JERUSALEM (JTA) — The Israeli spacecraft Beresheet crashed while attempting to land on the surface of the moon.
“If at first you don’t succeed, try again,” Prime Minister Benjamin Netanyahu said from SpaceIL’s control room in Yehud, in central Israel, on Thursday. He vowed that Israel would attempt the moon landing again in the future.
The spacecraft lost power in its main engine after sending a selfie from 22 kilometers (nearly 14 miles) above the surface of the moon, then went into a free fall toward the surface. The main engine reignited several kilometers above the surface before losing communication with the control room.
About 200 children and parents gathered at President’s Reuven Rivlin’s residence in Jerusalem to watch the landing.
Although it didn’t complete its mission, Beresheet helped Israel become the seventh country to have a spacecraft orbit the moon.
“We don’t have to be disappointed. We should congratulate ourselves on what we have achieved,” Rivlin said.
Later he added, “Sure we didn’t land exactly like we wanted, but we landed. We are on the moon!”
The control room and its spectators, as well as Rivlin and his guests, sang Israel’s national anthem, “Hatikvah,” together following the crash.

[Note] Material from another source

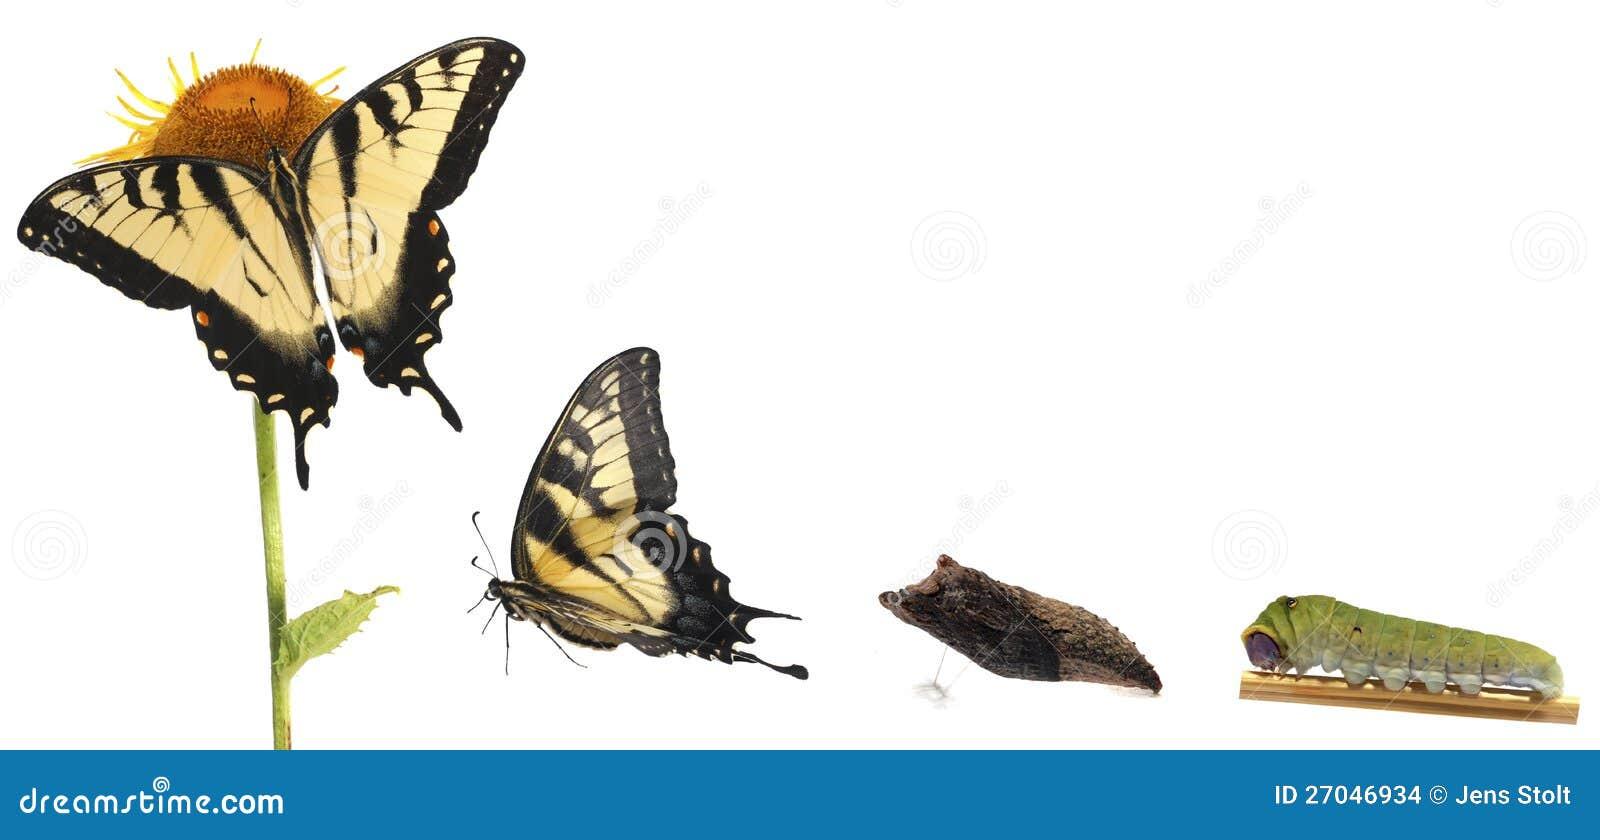 Caterpillar Stock Quote

Morris Kahn, the major funder of the SpaceIL project, said afterward that the control room confirmed that the landing had failed.
“Well, we didn’t make it, but we definitely tried,” he said. “I think the achievement of the attempt is really tremendous.”
The size of a compact car, the craft weighed about 1,300 pounds at launch, most of which was fuel. It took off from Cape Canaveral, Florida, on Feb. 21 aboard a SpaceX Falcon 9 rocket. It used the gravity of the earth and then the moon to make its way to the lunar surface, traveling over 3.4 million miles in its orbits around the earth and another 1 million around the moon.
The craft’s landing time was listed Thursday on the electronic arrivals timetable board at Ben Gurion International Airport near Tel Aviv alongside other flights.
Netanyahu and his wife, Sara, entered the control room moments before the scheduled landing and greeted the scientists and technicians. They took their seats in the front row of the viewing room outside of the control room. SpaceIL co-founders Yonatan Winetraub, Kfir Damari and Yariv Bash also sat together in the front row.
Before the landing attempt, the SpaceIL team remembered Ilan Ramon, Israel’s first astronaut, who died in 2003 aboard Columbia when the space shuttle exploded during re-entry.